On October 27, 1994, Plaintiffs filed their Second Amended Class Action Complaint, seeking to enjoin defendants from enforcing policies "which would count PASS monies or income generated from PASS plans in ways different than those provided in federal law." (Second Amended Complaint, p. 7). Plaintiffs' challenge is three-fold: (1) that the disparate treatment afforded blind PASS participants vis-à-vis sighted PASS participants violates section 1396a(a)(17) of the Medicaid Act; (2) that such treatment violates the Rehabilitation and Americans with Disabilities Acts; and (3) that such behavior violates the Equal Protection Clause of the United States Constitution. Each of these contentions will be addressed in turn.5

II. DISCUSSION.

A party is entitled to summary judgment "if the pleadings, depositions, answers to interrogatories, and admissions on file, together with the affidavits, if any, show that there is no genuine issue as to any material fact and that the moving party is entitled to a judgment as a matter of law." Fed.R.Civ.P. 56(c). A genuine issue of material fact exists where "there is sufficient evidence favoring the nonmoving party for a jury to return a verdict for that party." Anderson v. Liberty Lobby, Inc., 477 U.S. 242, 249, 106 S.Ct. 2505, 2511, 91 L.Ed.2d 202 (1986). The court must view all inferences in the light most favorable to the nonmoving party. Anderson, 477 U.S. at 255, 106 S.Ct. at 2513; Estate of Starks v. Enyart, 5 F.3d 230, 232 (7th Cir.1993).

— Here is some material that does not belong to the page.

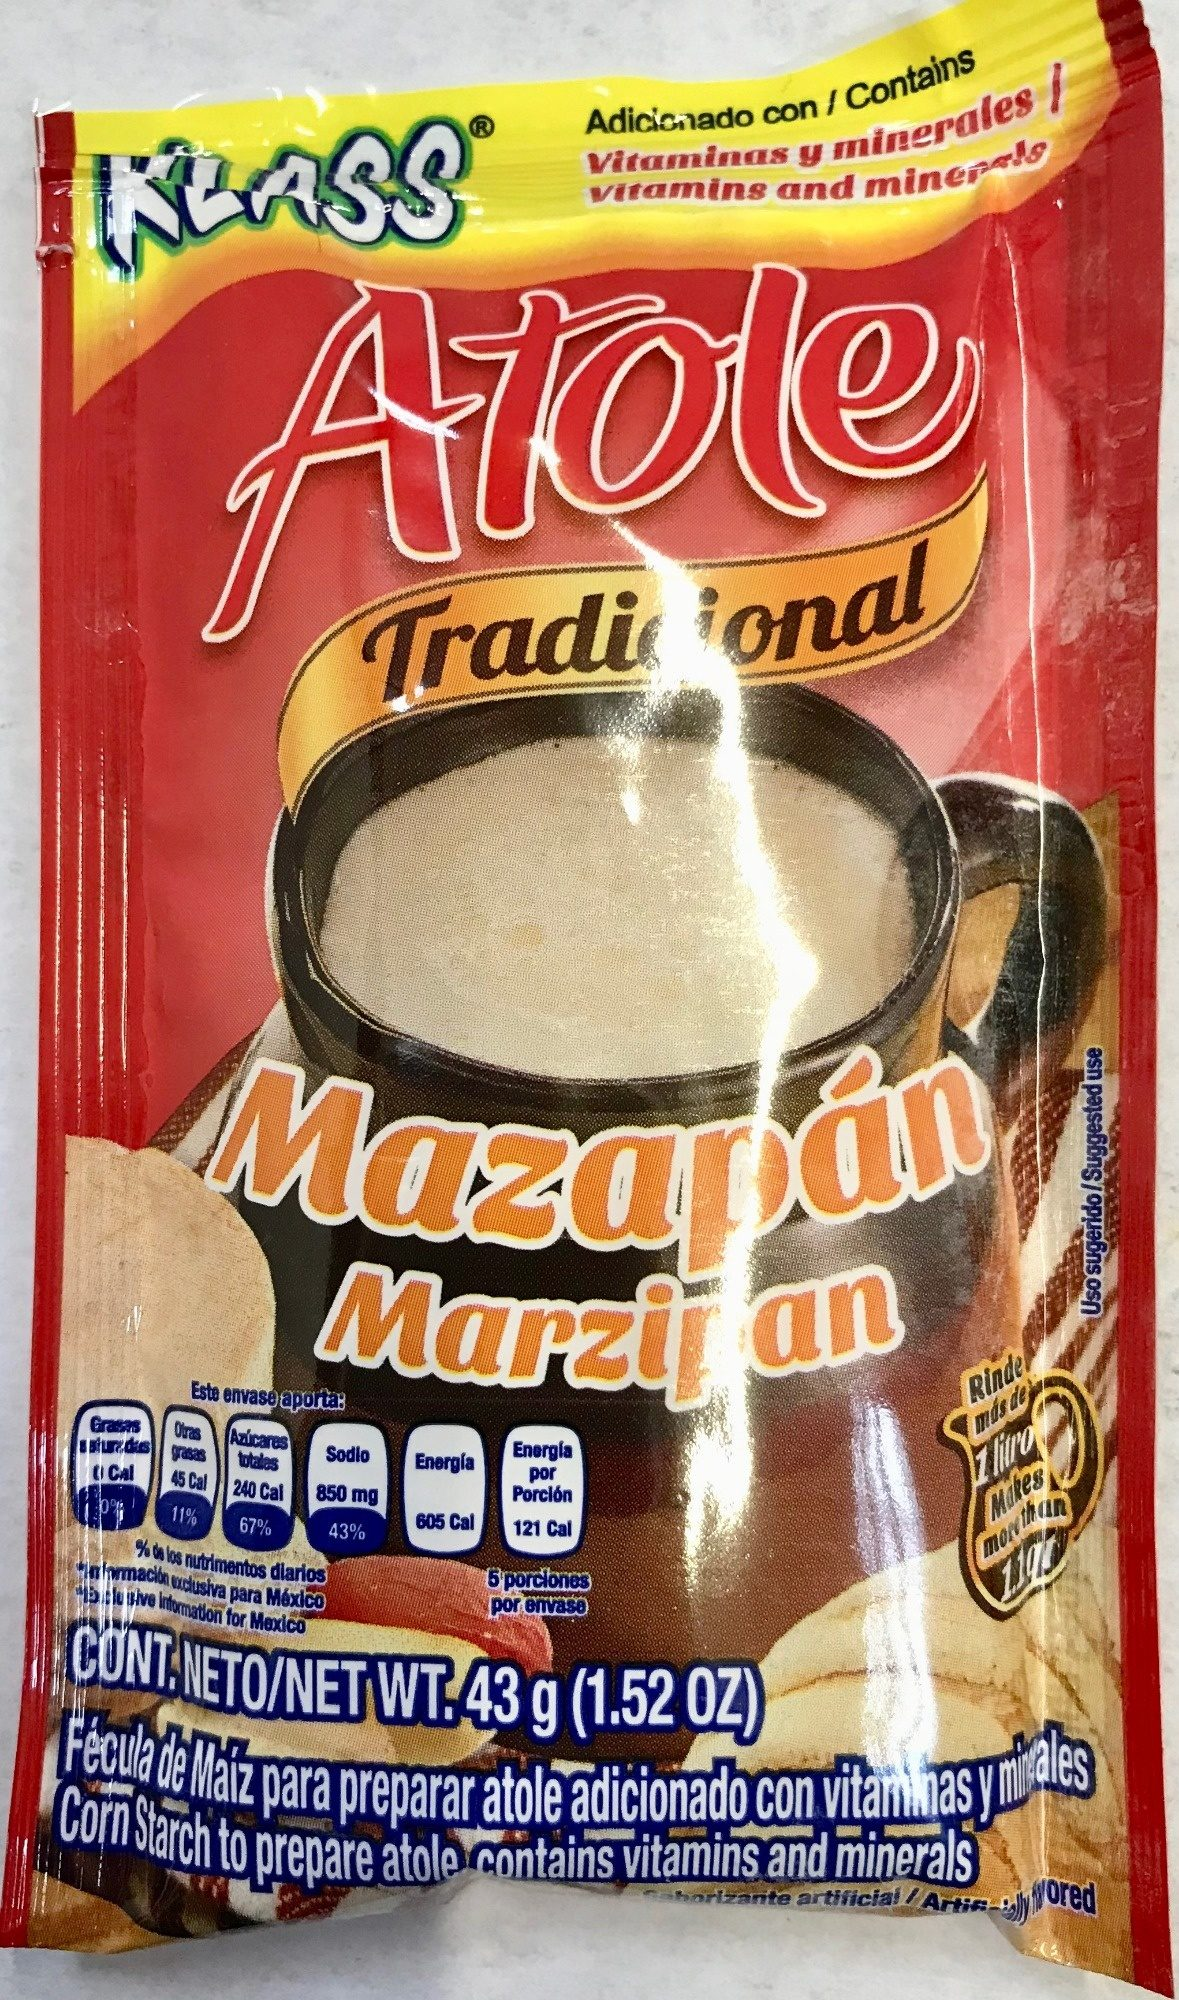 Fécula de maíz para preparar atole - Product - es

A. Indiana's Disparate Treatment of PASS-generated Income and Resources Does Not Violate the Medicaid Act.

In determining eligibility for SSI, 42 U.S.C. § 1382a(b) excludes specific items from a recipient's "countable income," and § 1382b(a) excludes additional items from "countable resources." Included within these exemptions is income earned pursuant to a PASS plan, which is excluded under § 1382a(b)(4)(A) and (B), and resources necessary to fulfill the PASS under § 1382b(a)(4). See Randall v. Broome County Social Services, 1995 WL 236254, * 3 (N.D.N.Y. April 10, 1995).